*** Begin section ***

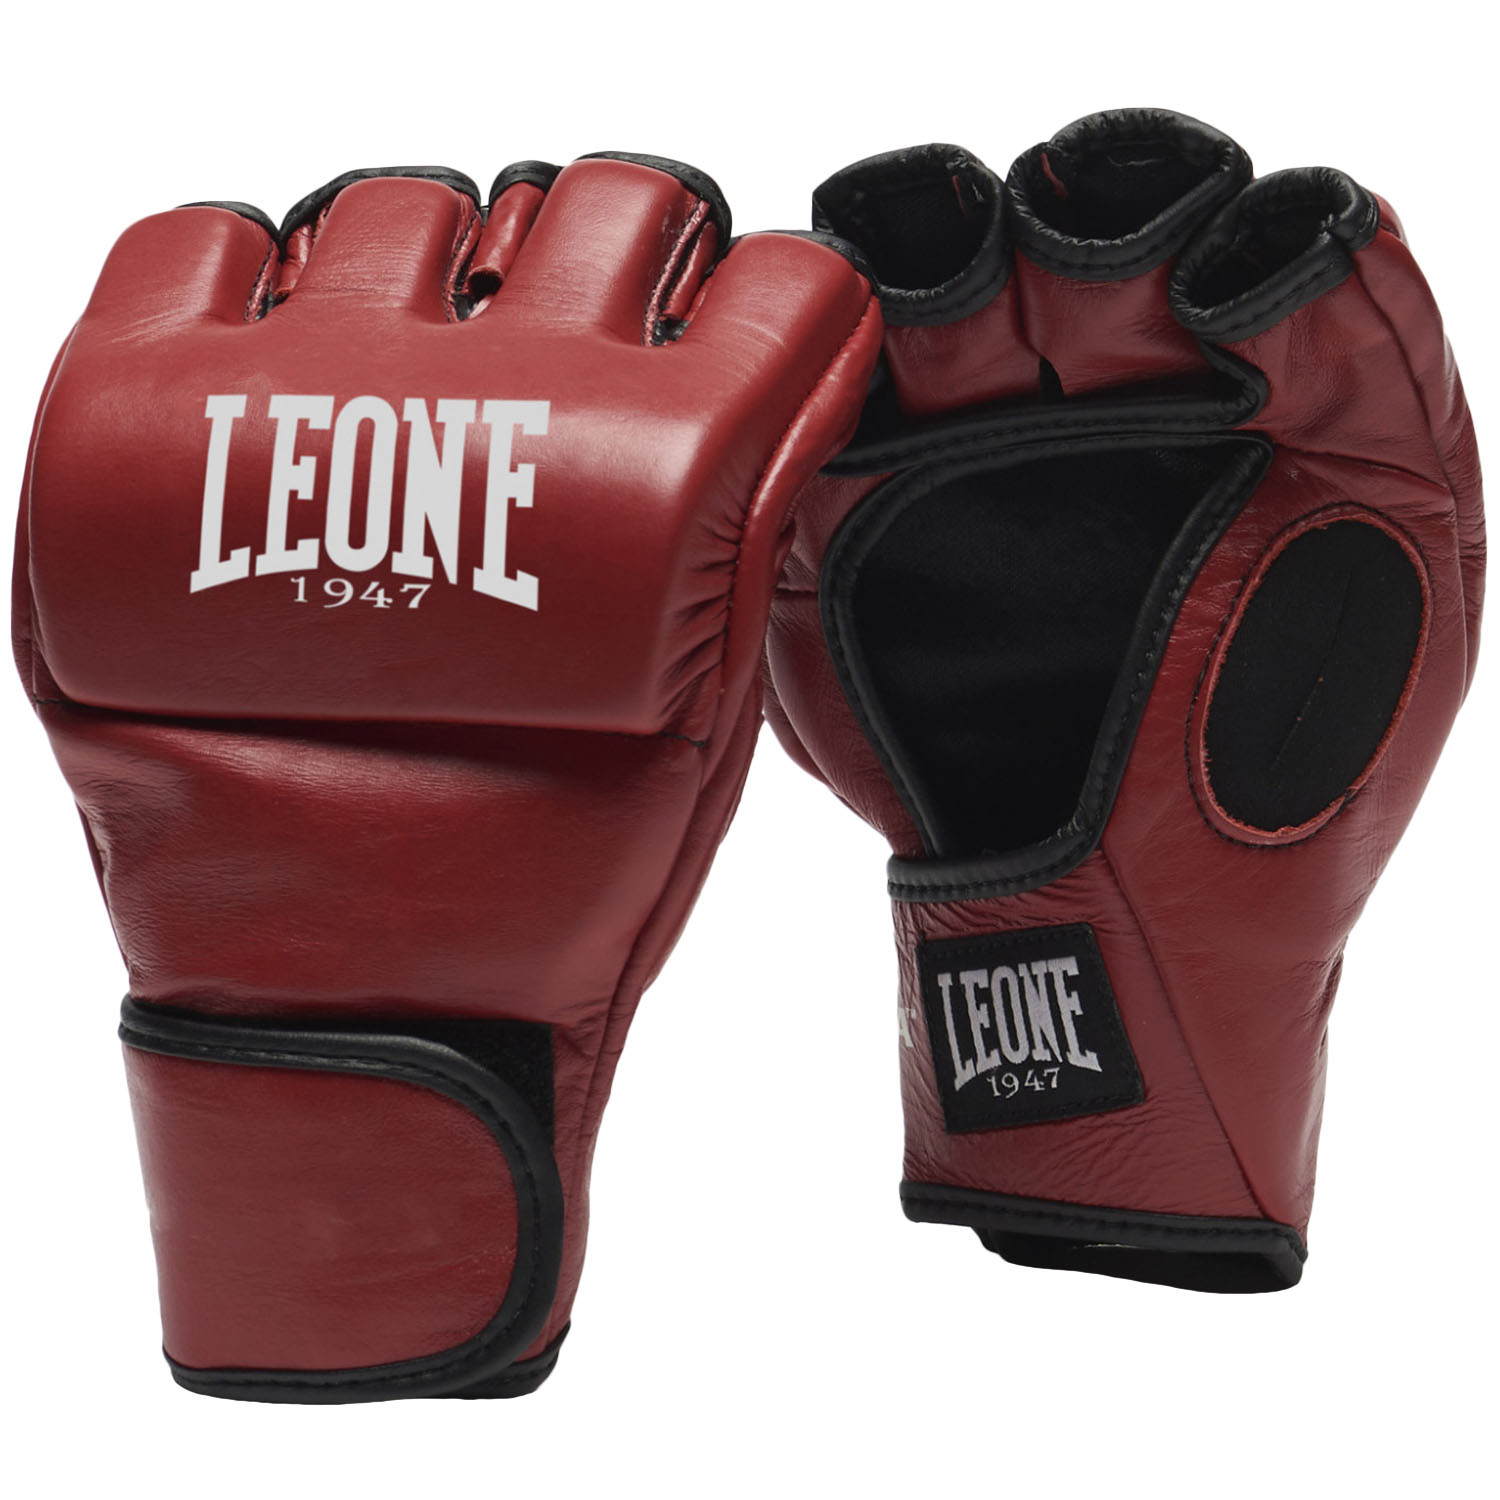 LEONE MMA Boxing Gloves, Contest, GP115, red, S
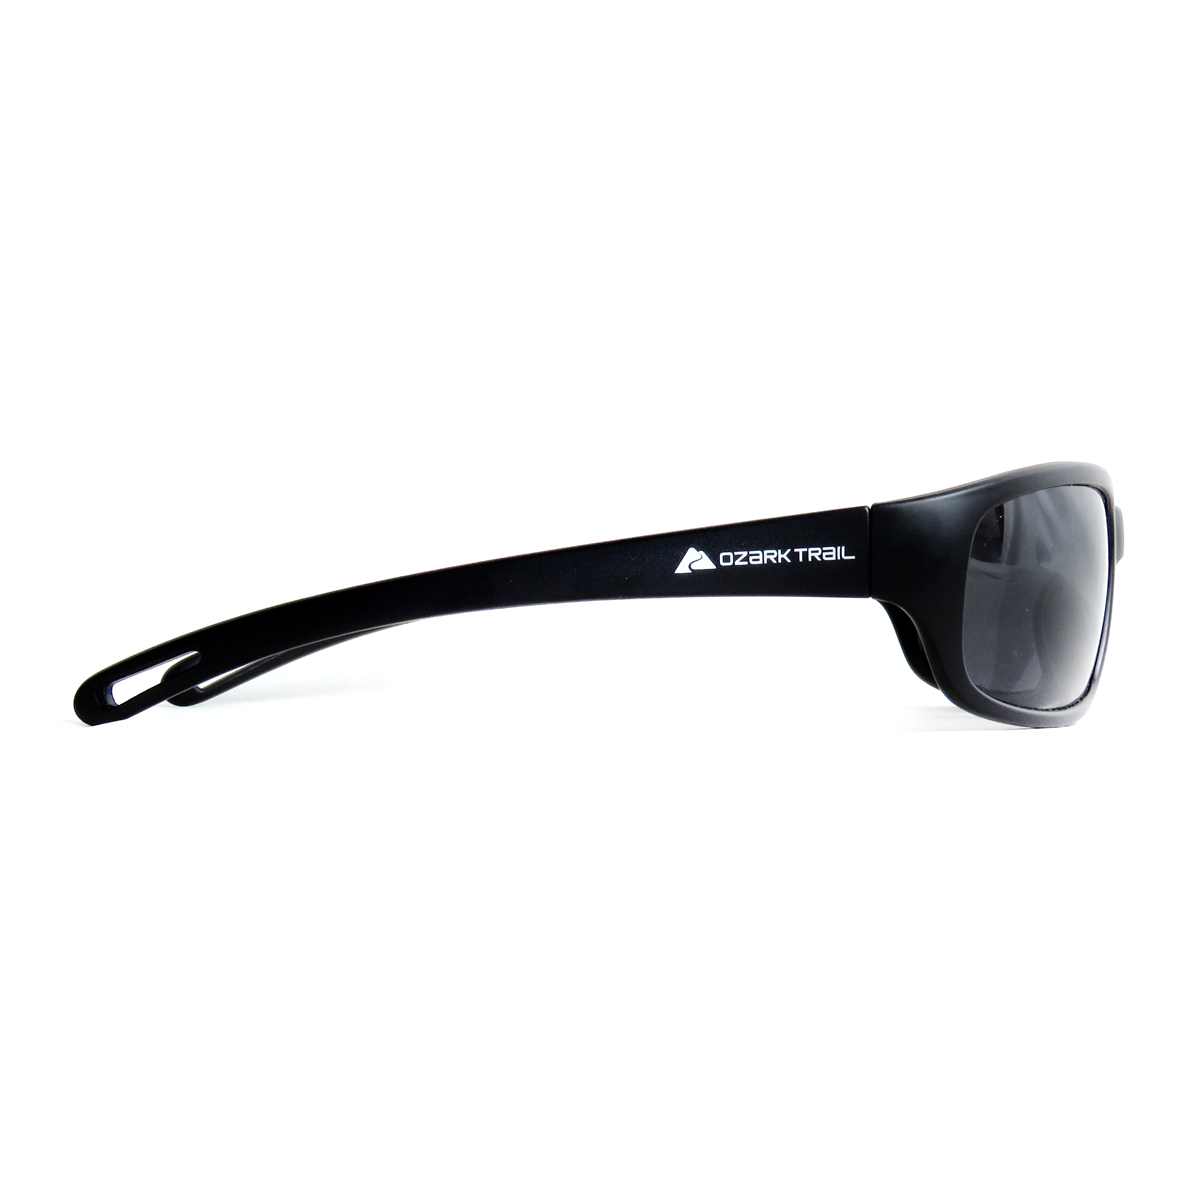 Ozark Trail Men's Polarized Fishing Sunglasses (color may vary) - image 3 of 8
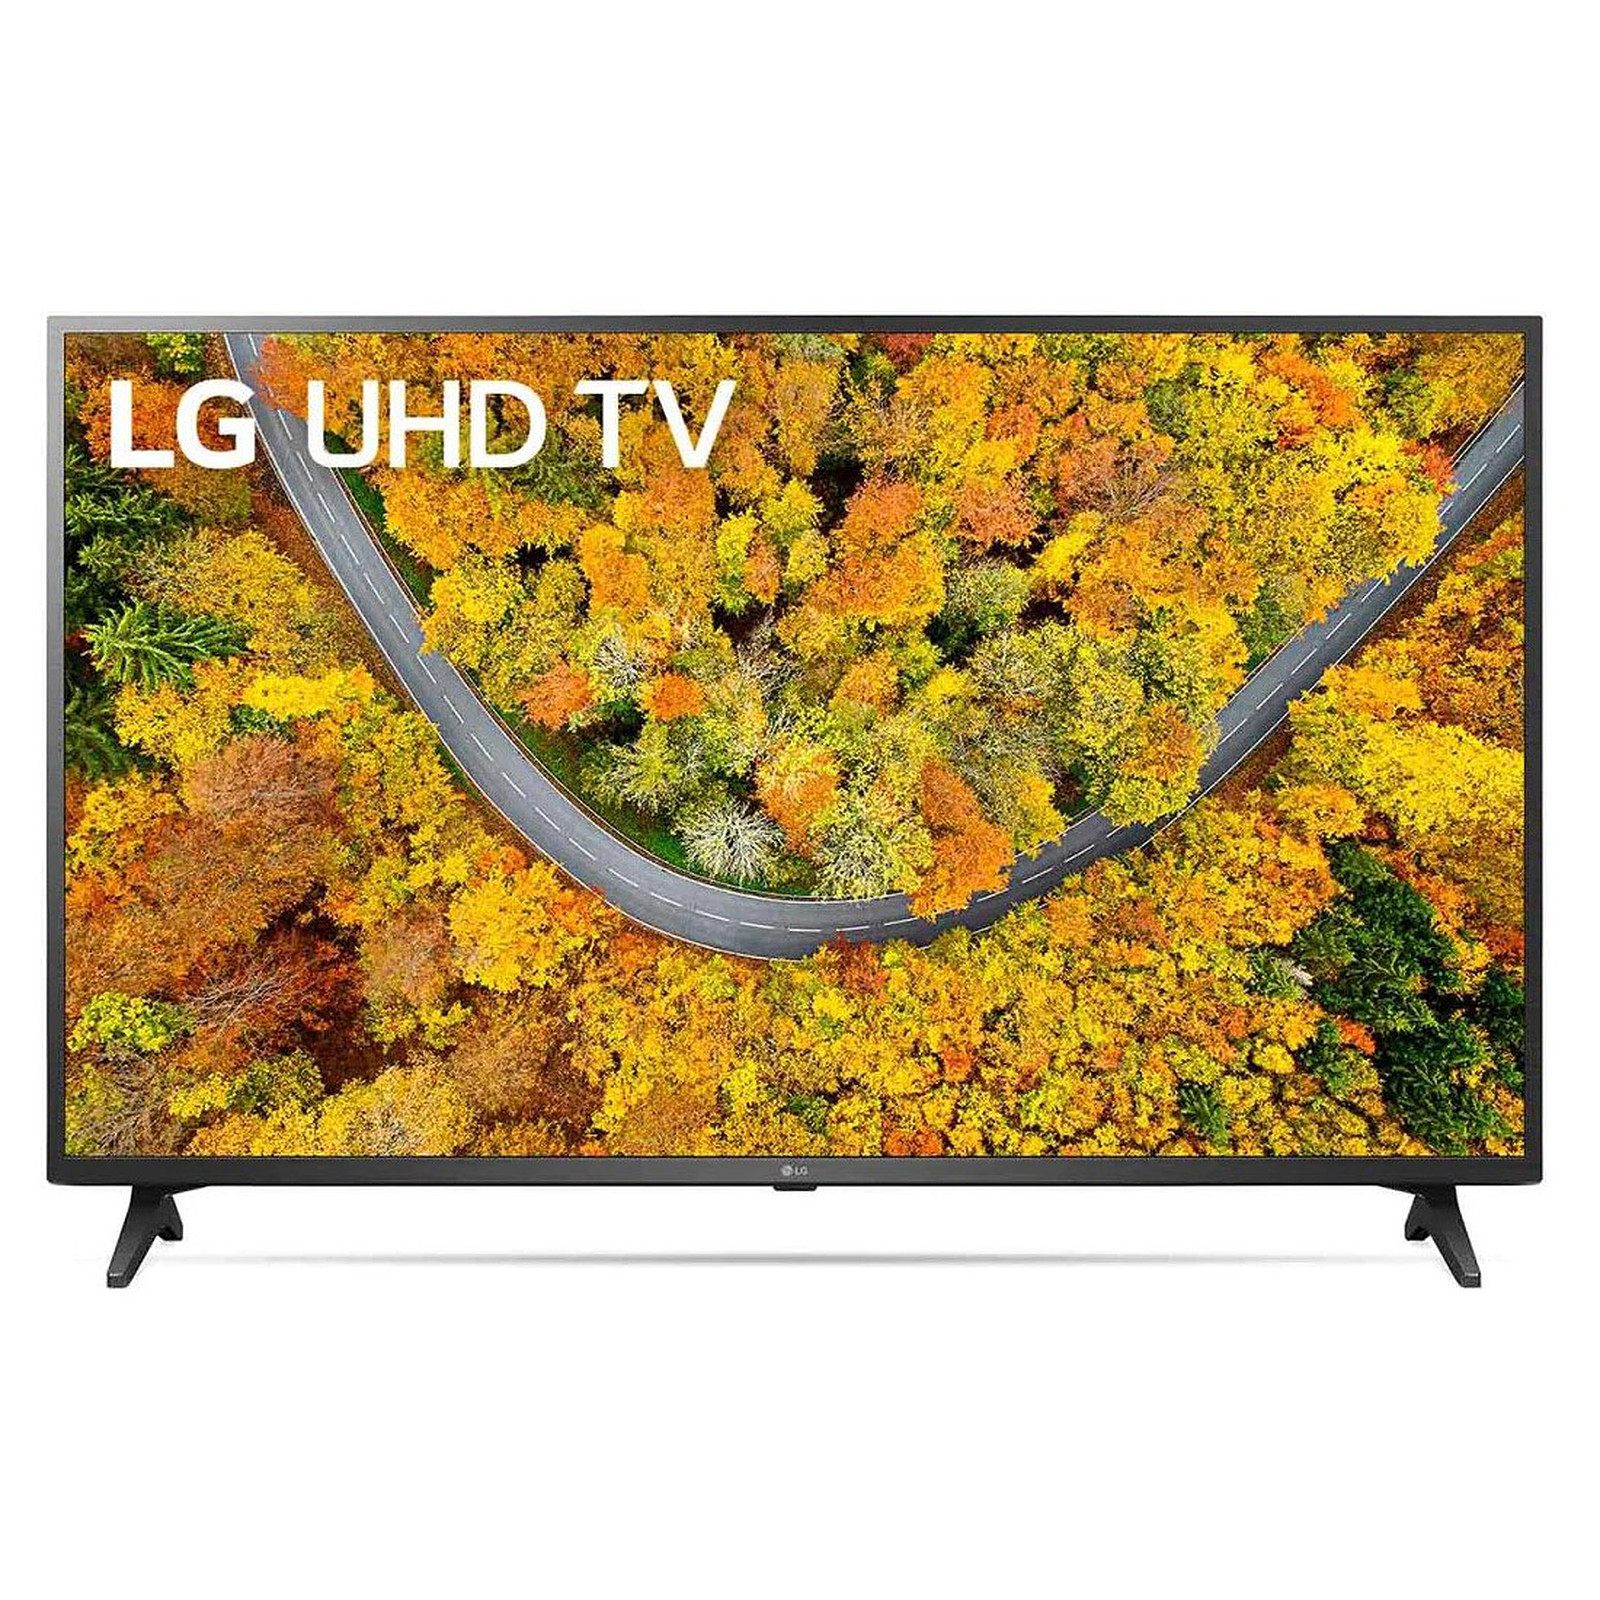 LG 55UP7500 - TV LG

*** End section ***

### WORK TO BE COMPLETED
The listing above should be returned word for word, with pictures omitted.

### RESULT BELOW
 LEONE MMA Boxing Gloves, Contest, GP115, red, S
 Ozark Trail Men's Polarized Fishing Sunglasses (color may vary) - image 3 of 8
 LG 55UP7500 - TV LG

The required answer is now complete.